Information shown START

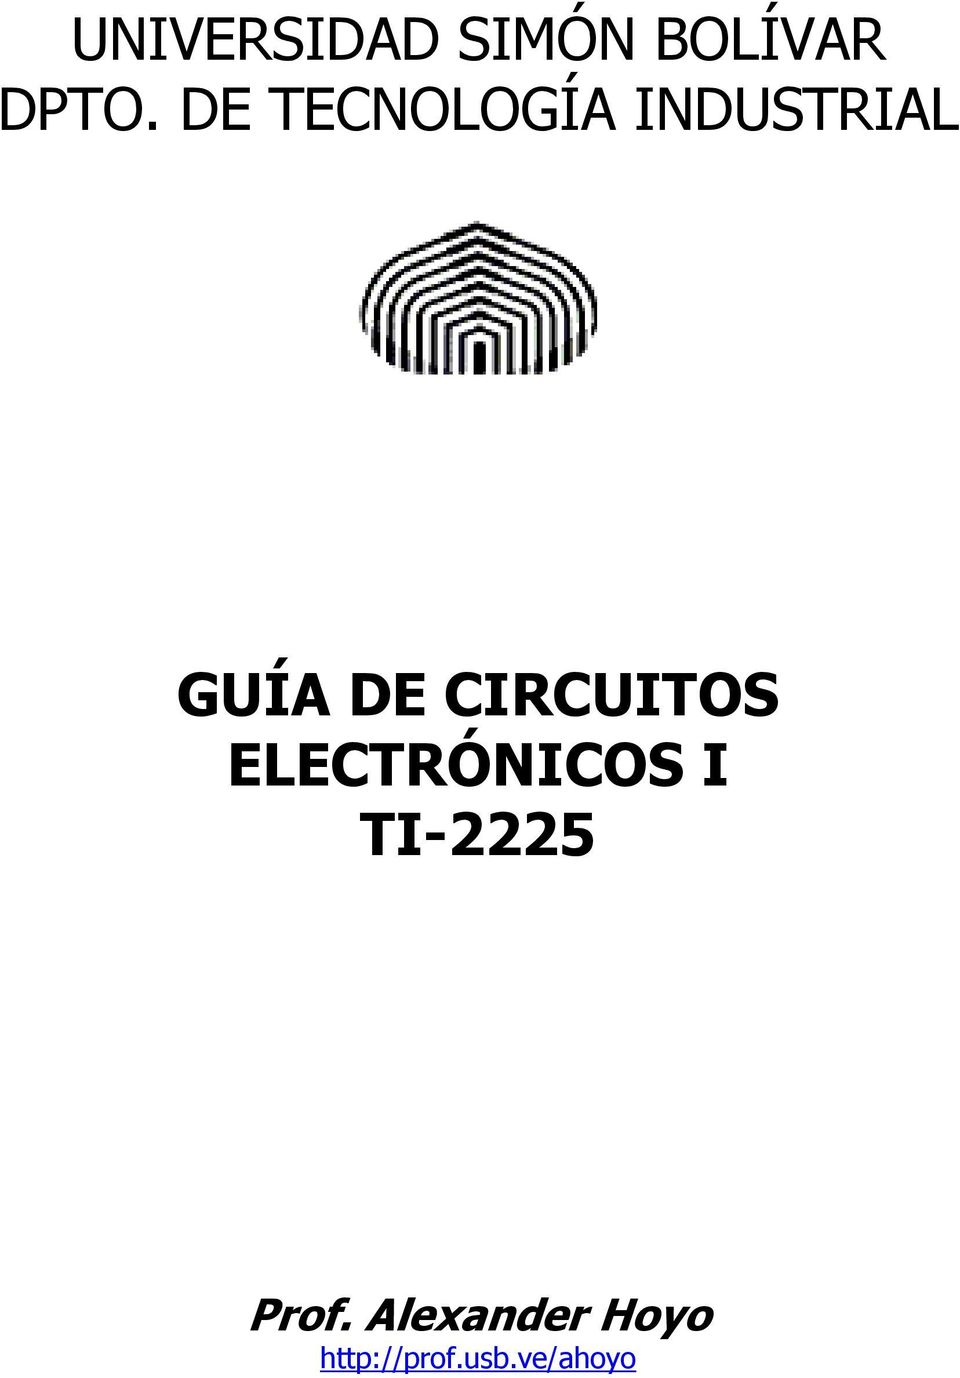 CICUITOS ELECTÓNICOS I TI-2225
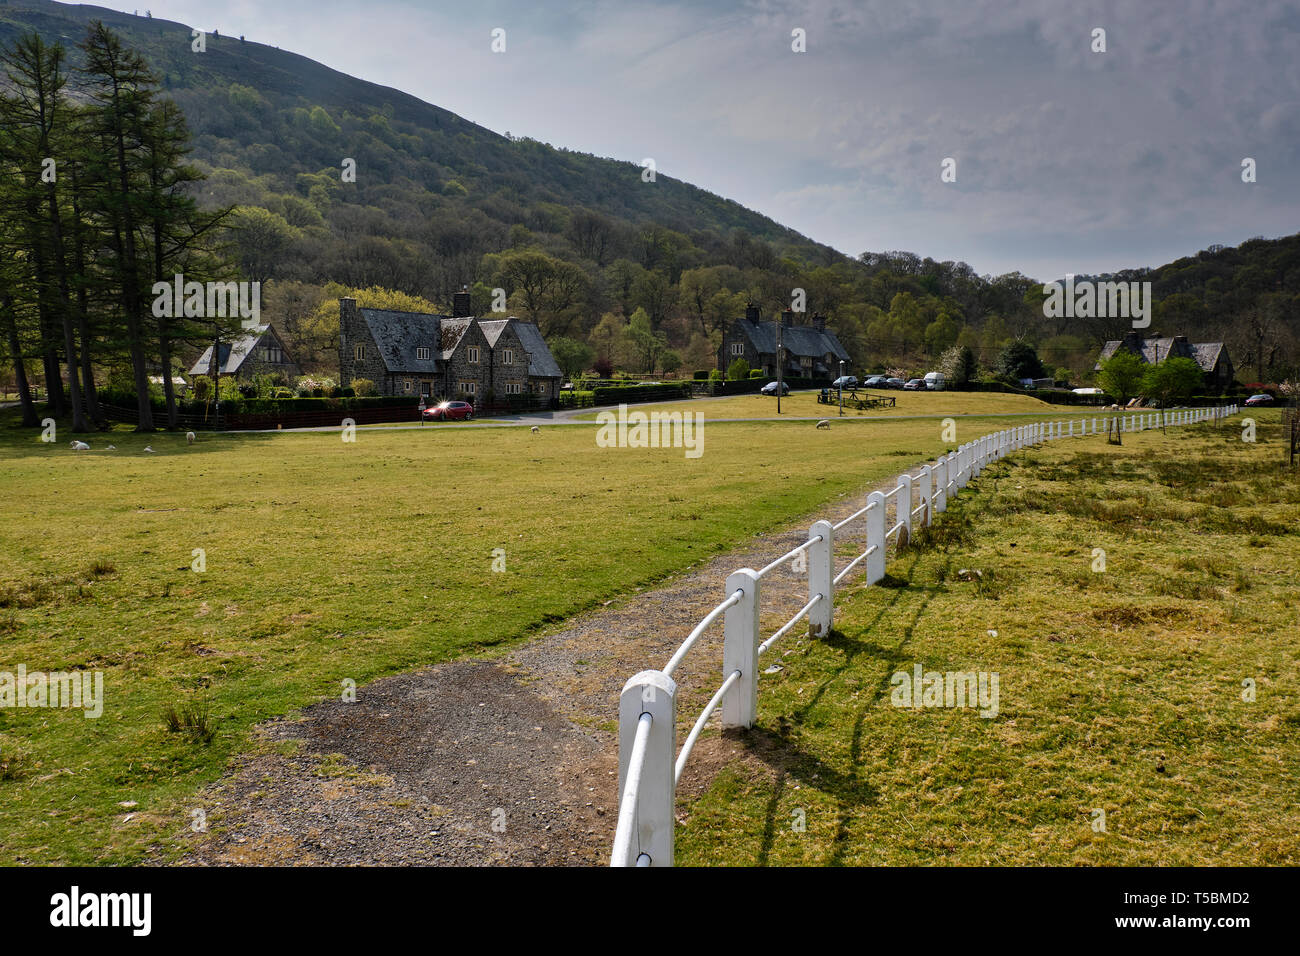 Elan Village at Elan Valley, Powys, Wales Stock Photo
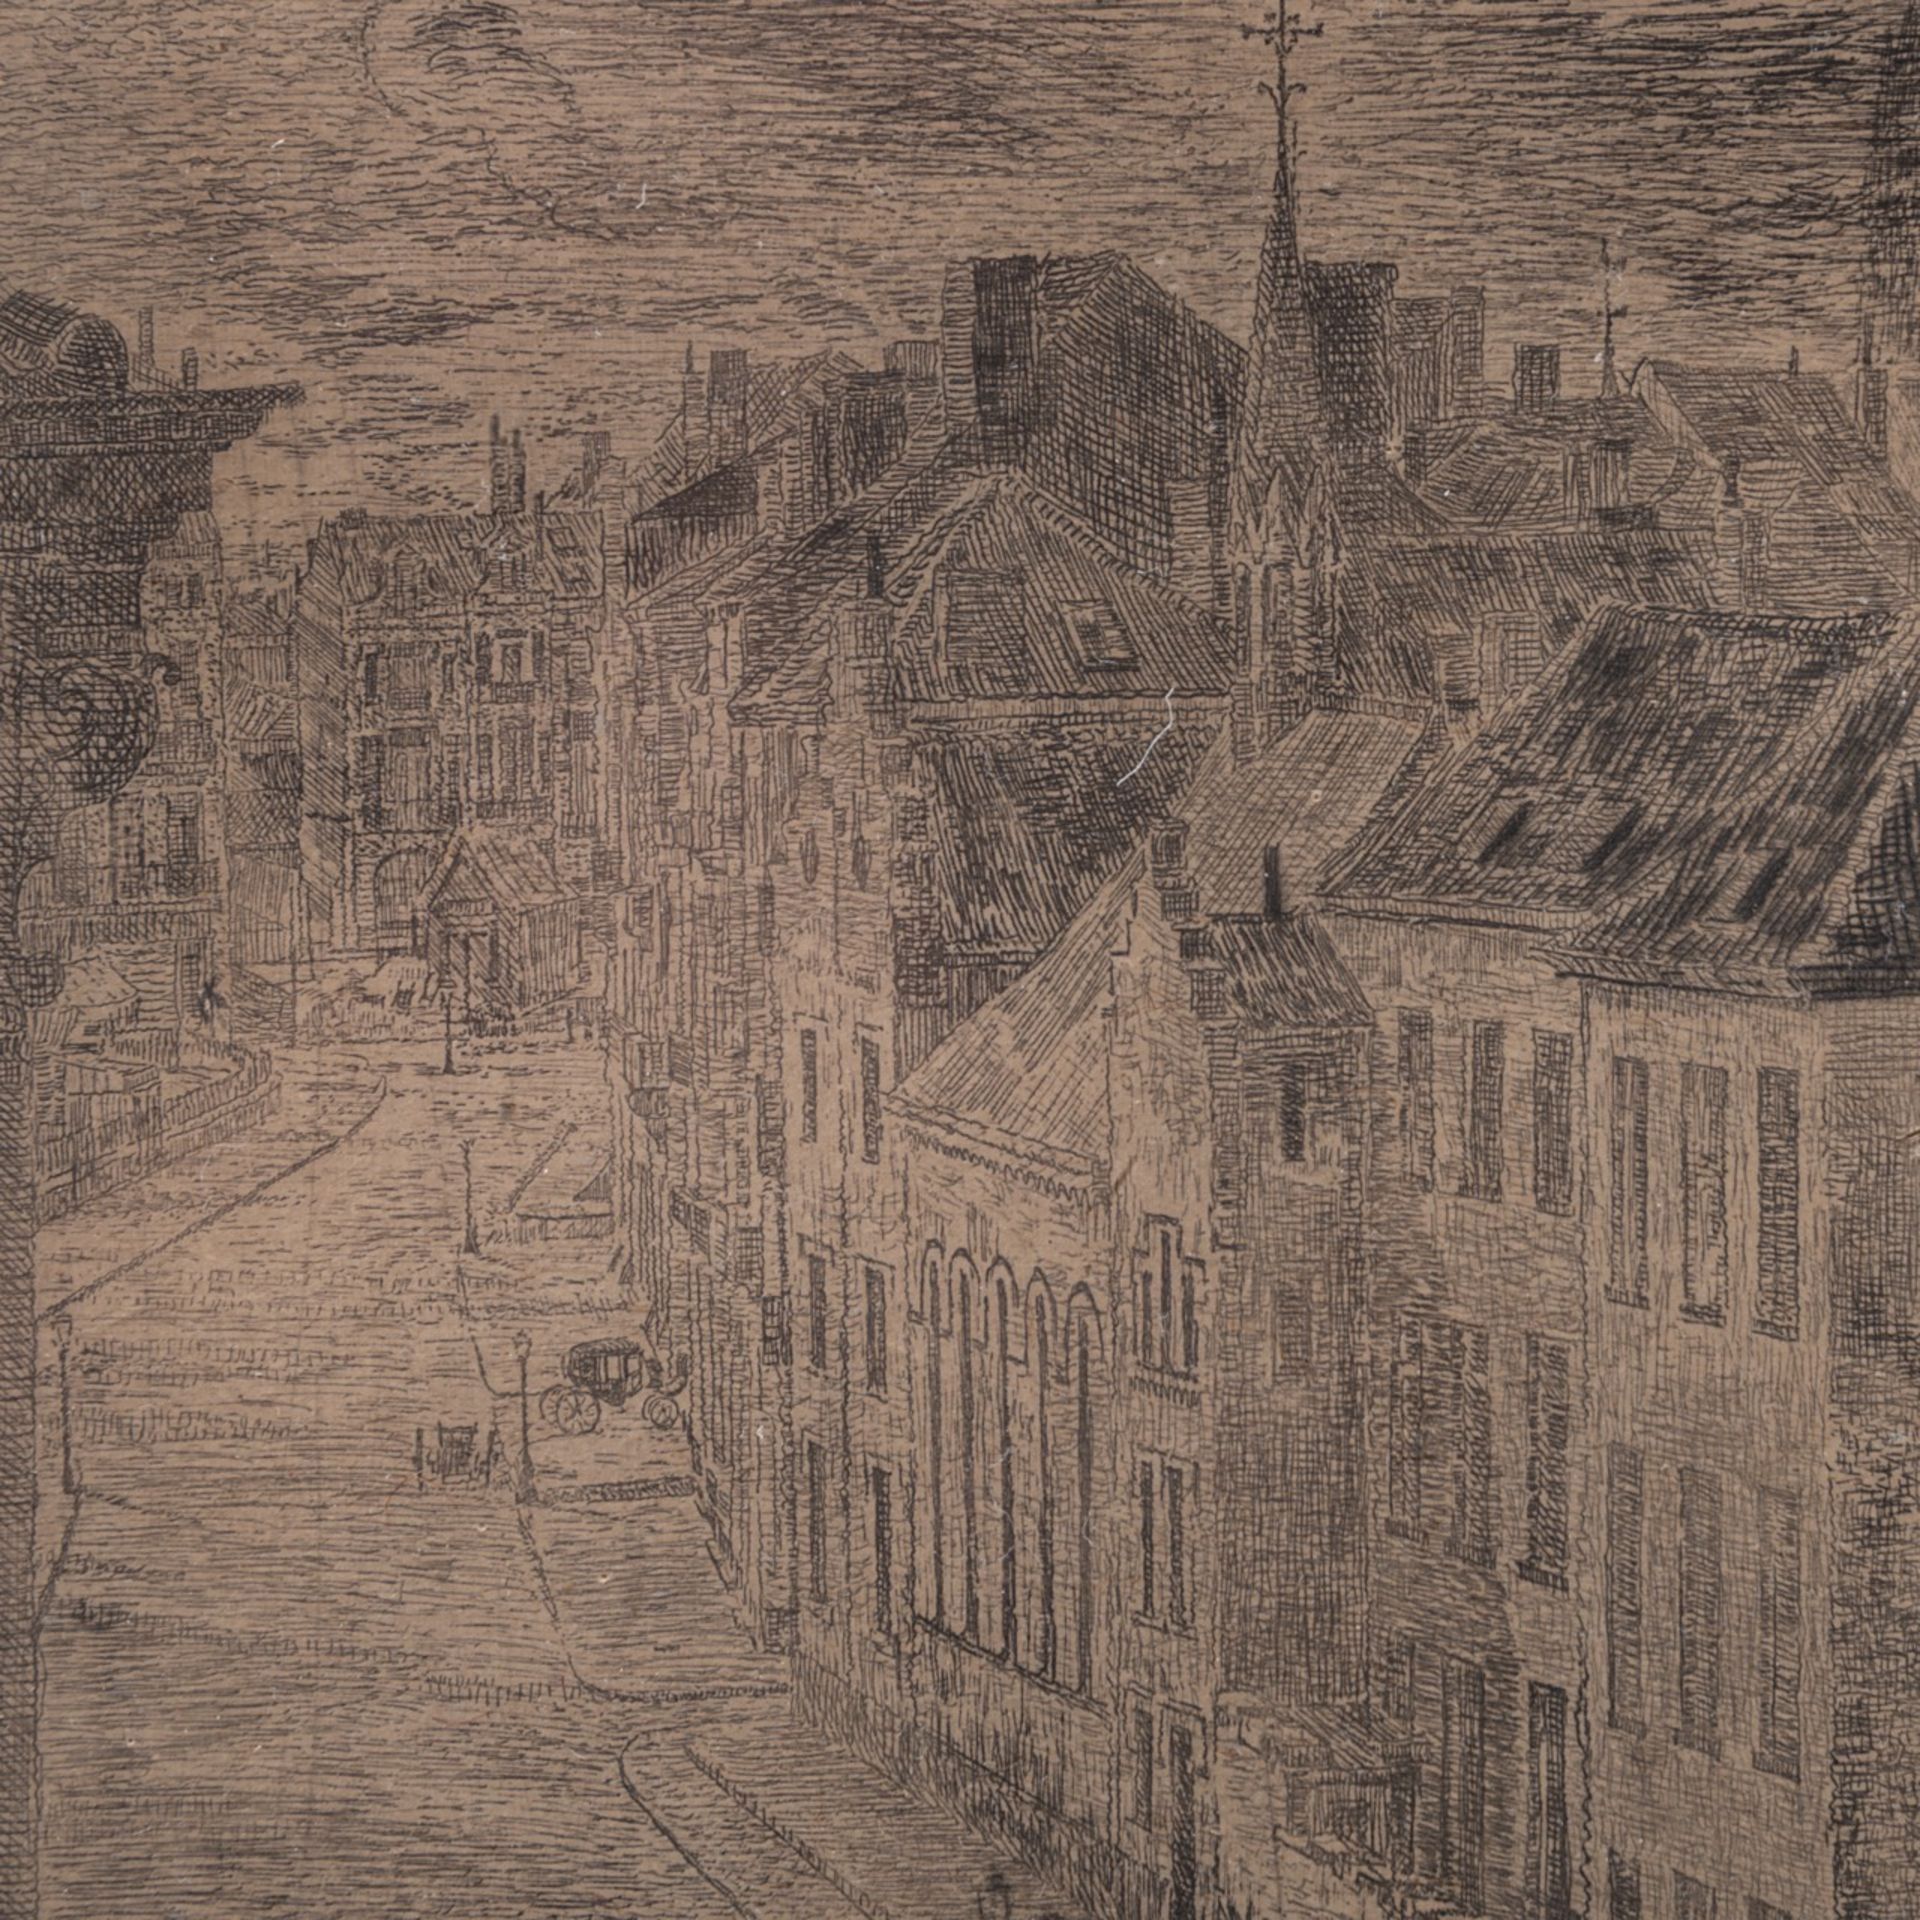 James Ensor (1860-1949), 'Van Iseghem Boulevard te Oostende' (1889), etching and drypoint on simili - Image 5 of 5

Information shown END

Problem details
Repeat word for word the lines from the one holding "Elan Village at" through the last line of the listing above, including both ends. Drop the pictures.

Exercise solution
 Elan Village at Elan Valley, Powys, Wales Stock Photo
 James Ensor (1860-1949), 'Van Iseghem Boulevard te Oostende' (1889), etching and drypoint on simili - Image 5 of 5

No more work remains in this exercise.